§ **Supplied data**
☆ ☆ ☆ ☆

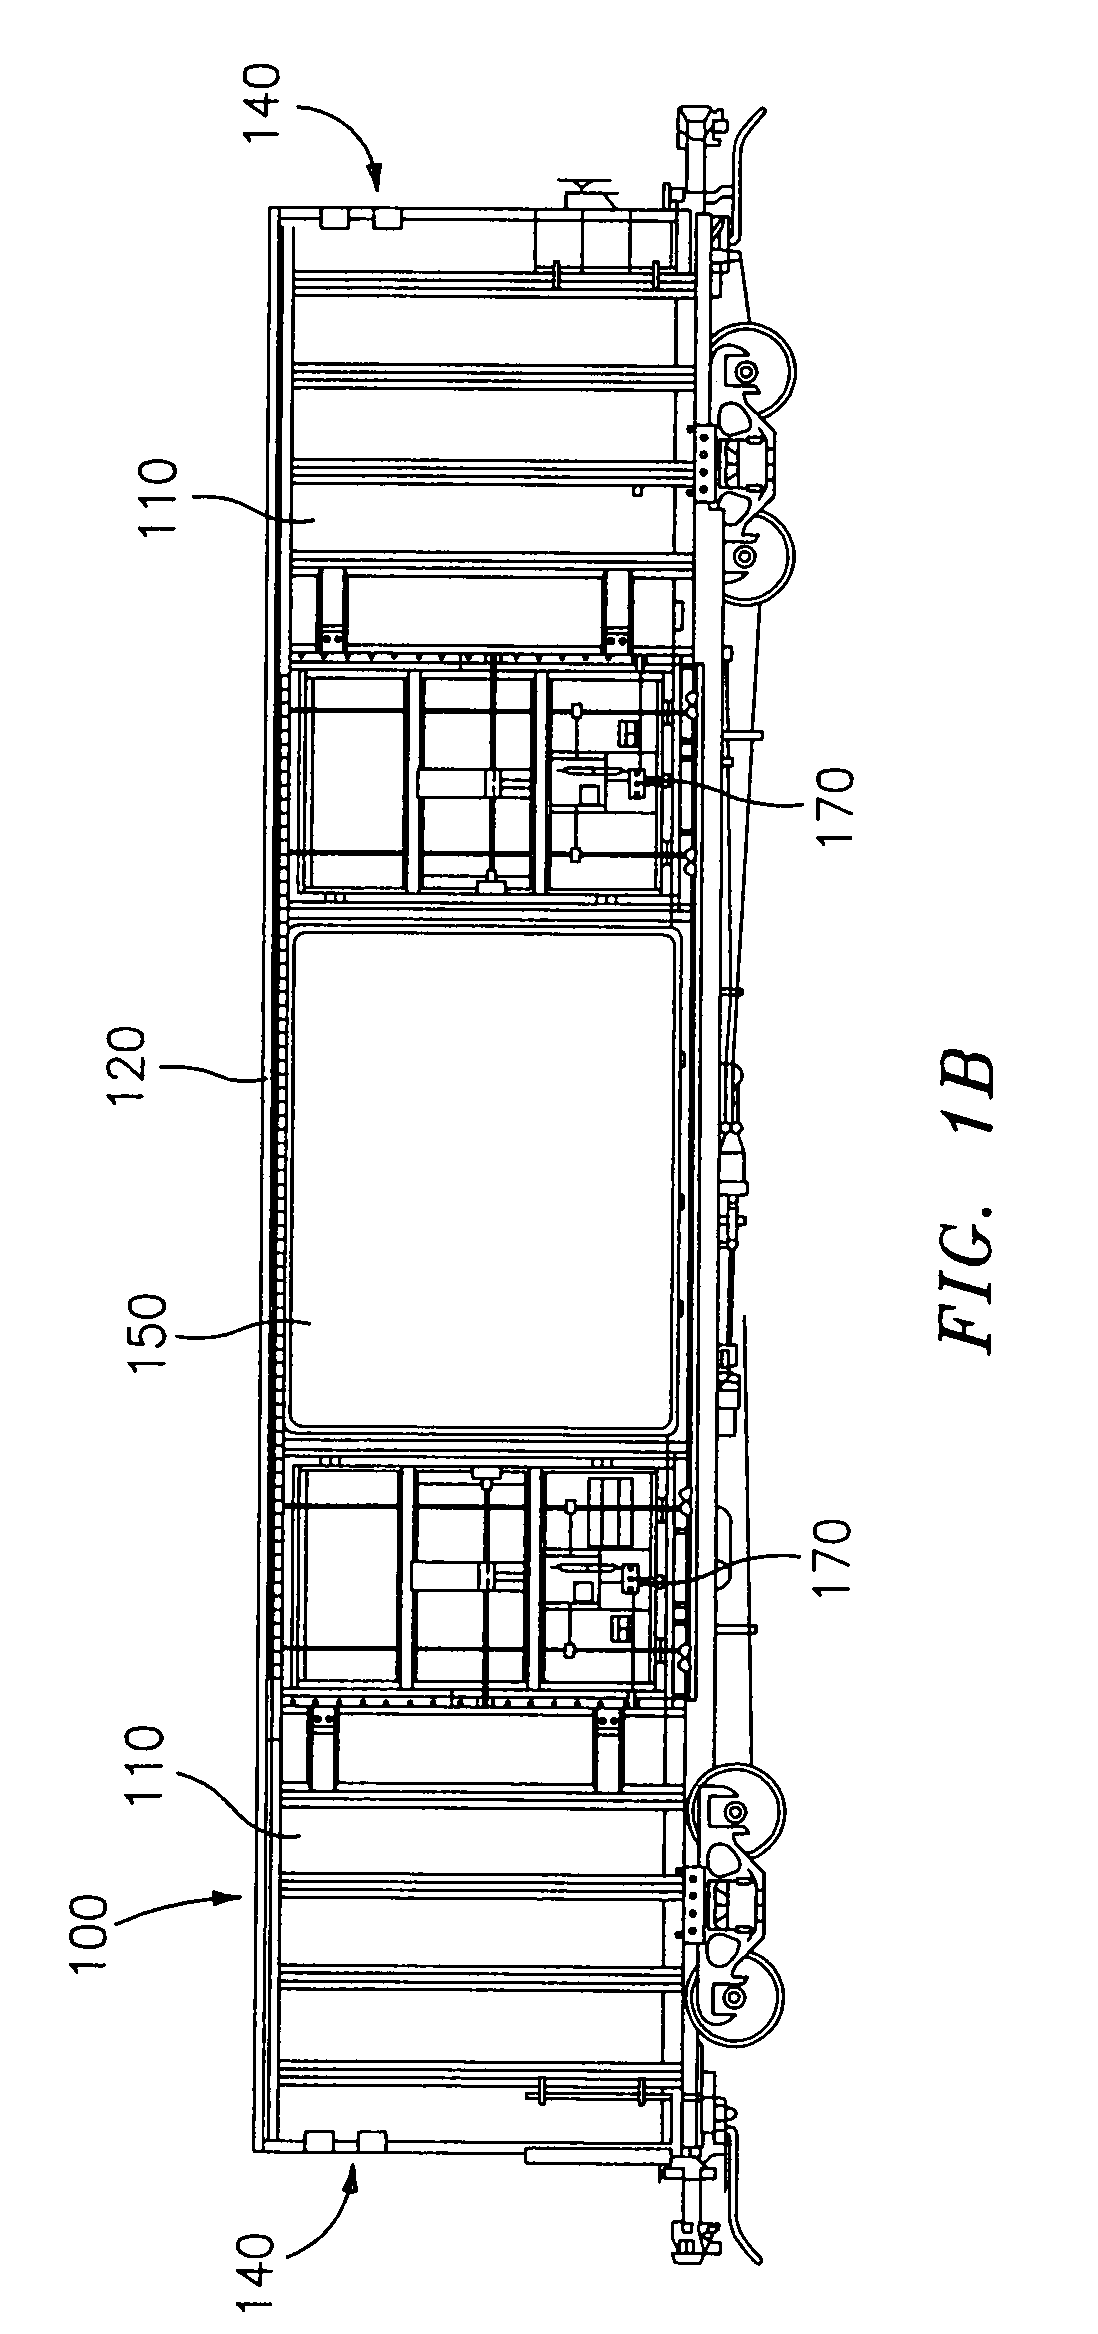 Insulated cargo container and methods for manufacturing same using vacuum insulated panels and foam insulated liners
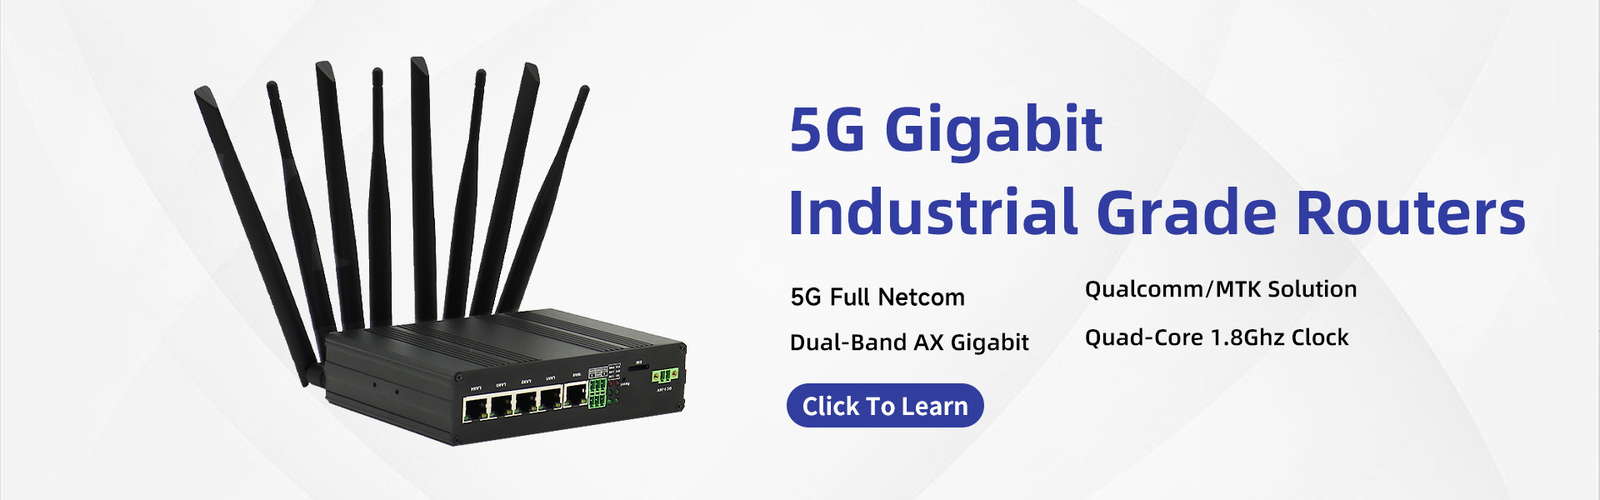 router 5G industrial
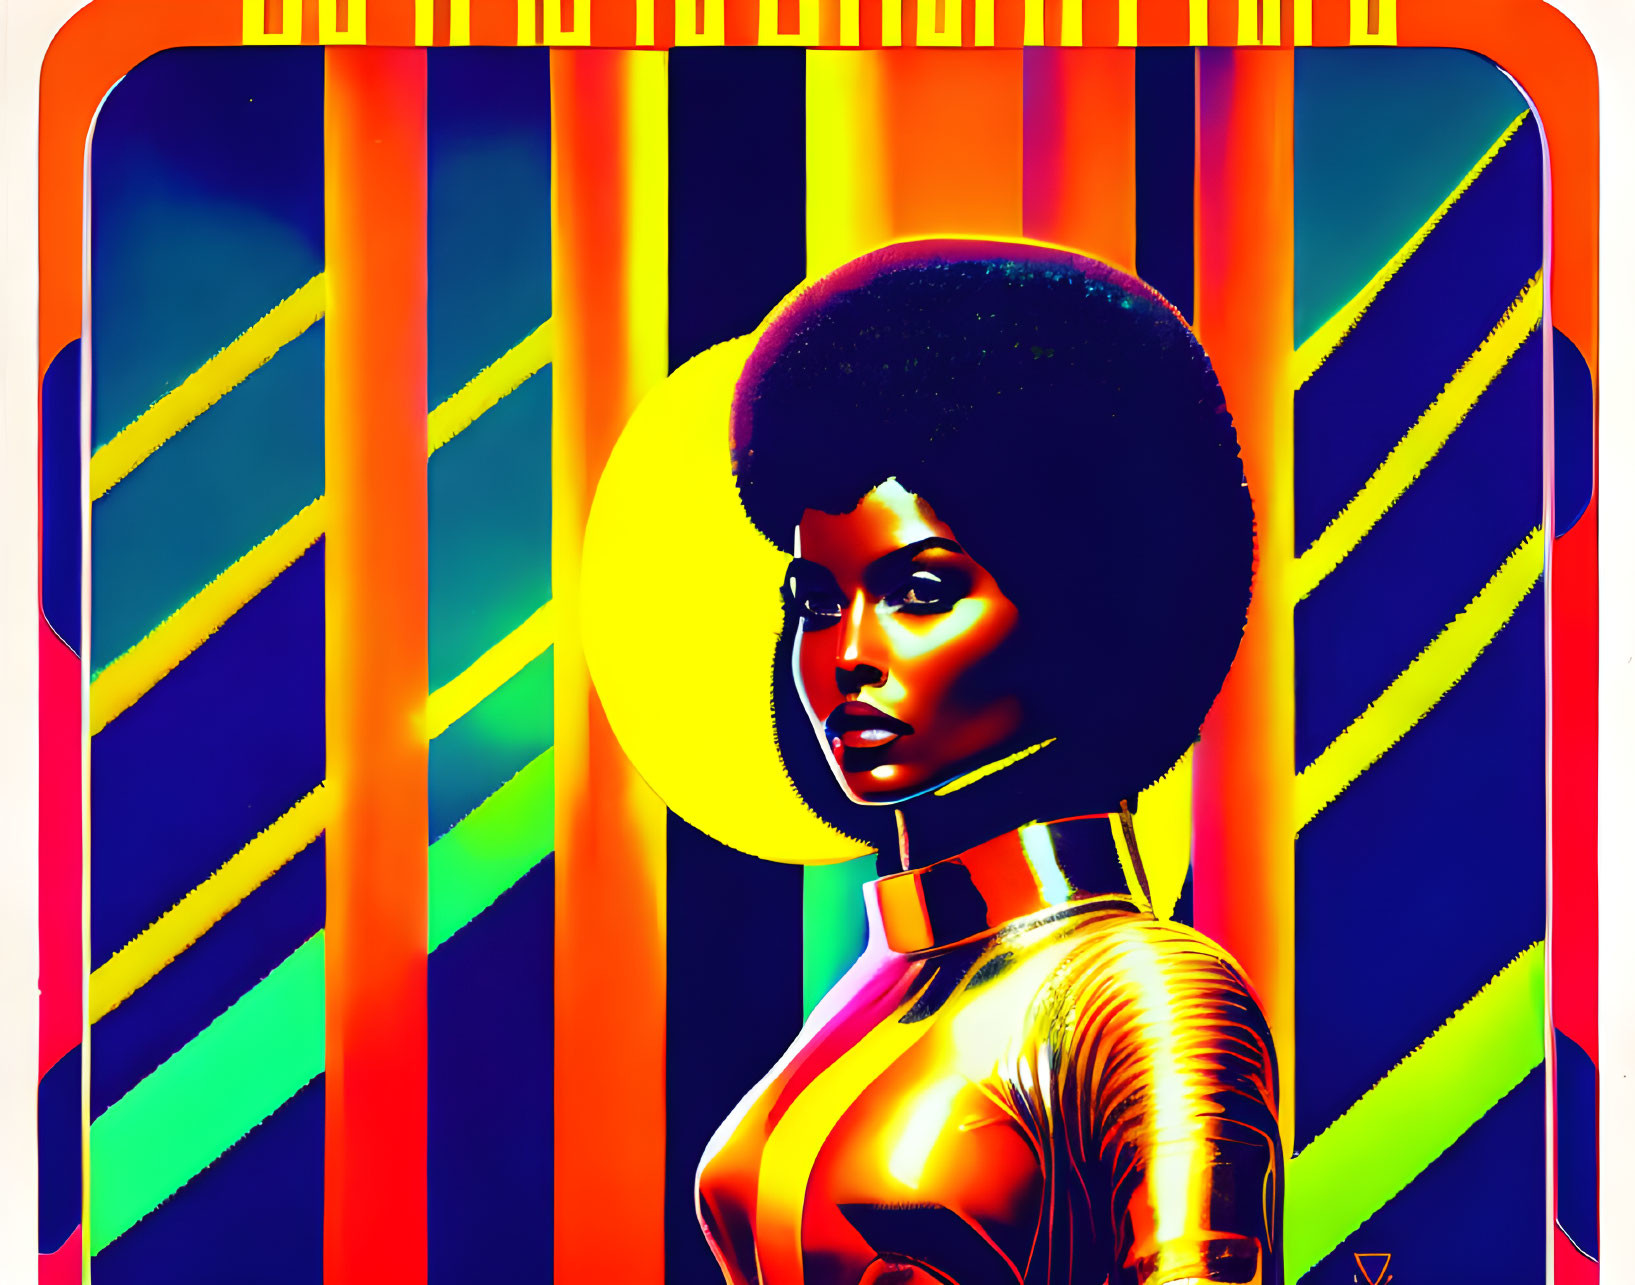 Stylized woman with prominent afro in retro-futuristic style
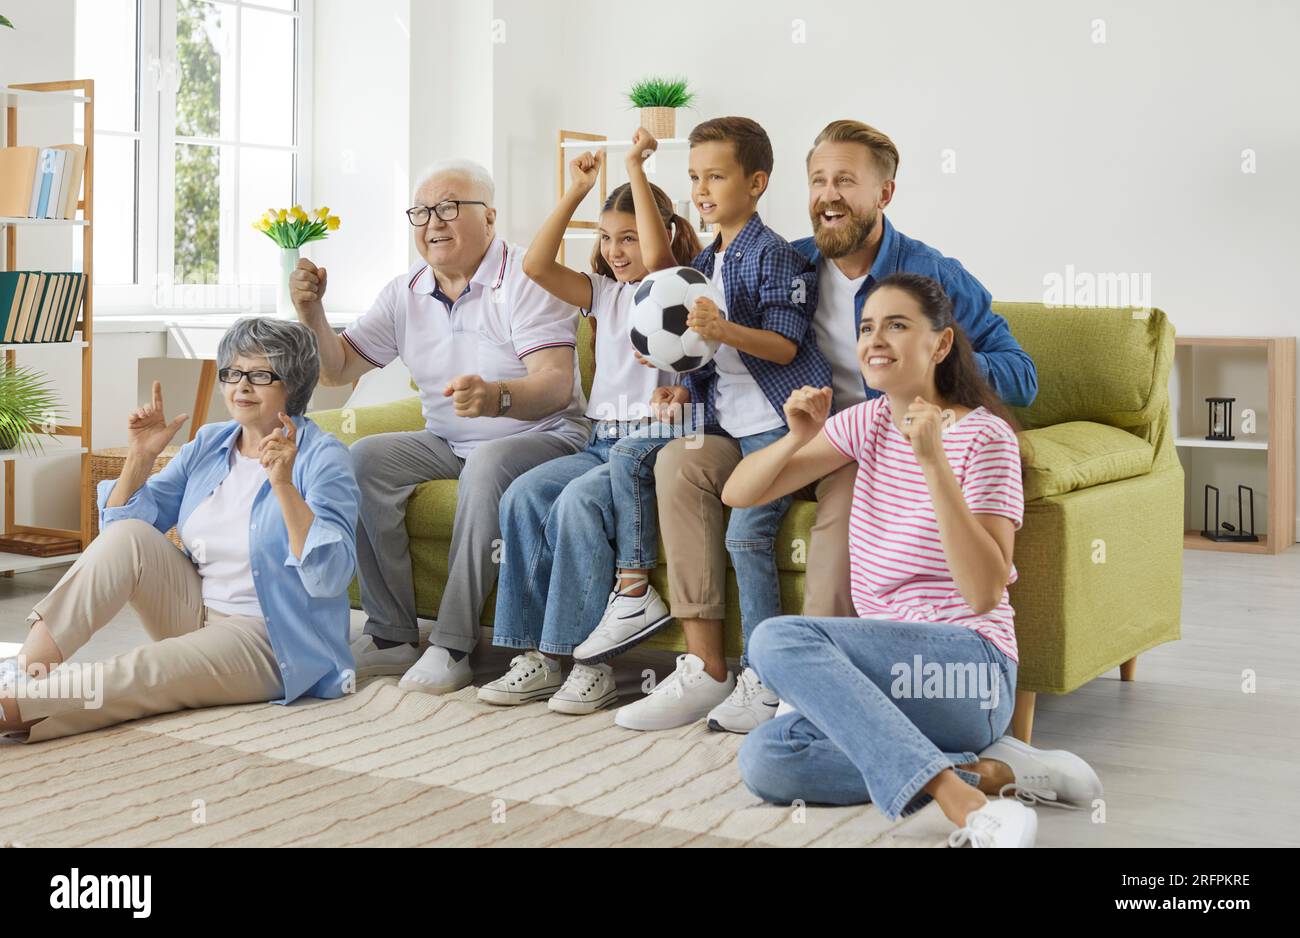 Family grandparents, parents and children football fans watching soccer game on TV. Stock Photo

☆ ☆ ☆ ☆

§ **Aim of the exercise**
Transcribe the material above in full. No picture is to be copied.

§ **Exercise output**
 Insulated cargo container and methods for manufacturing same using vacuum insulated panels and foam insulated liners
 router 5G industrial
 Stylized woman with prominent afro in retro-futuristic style
 Family grandparents, parents and children football fans watching soccer game on TV. Stock Photo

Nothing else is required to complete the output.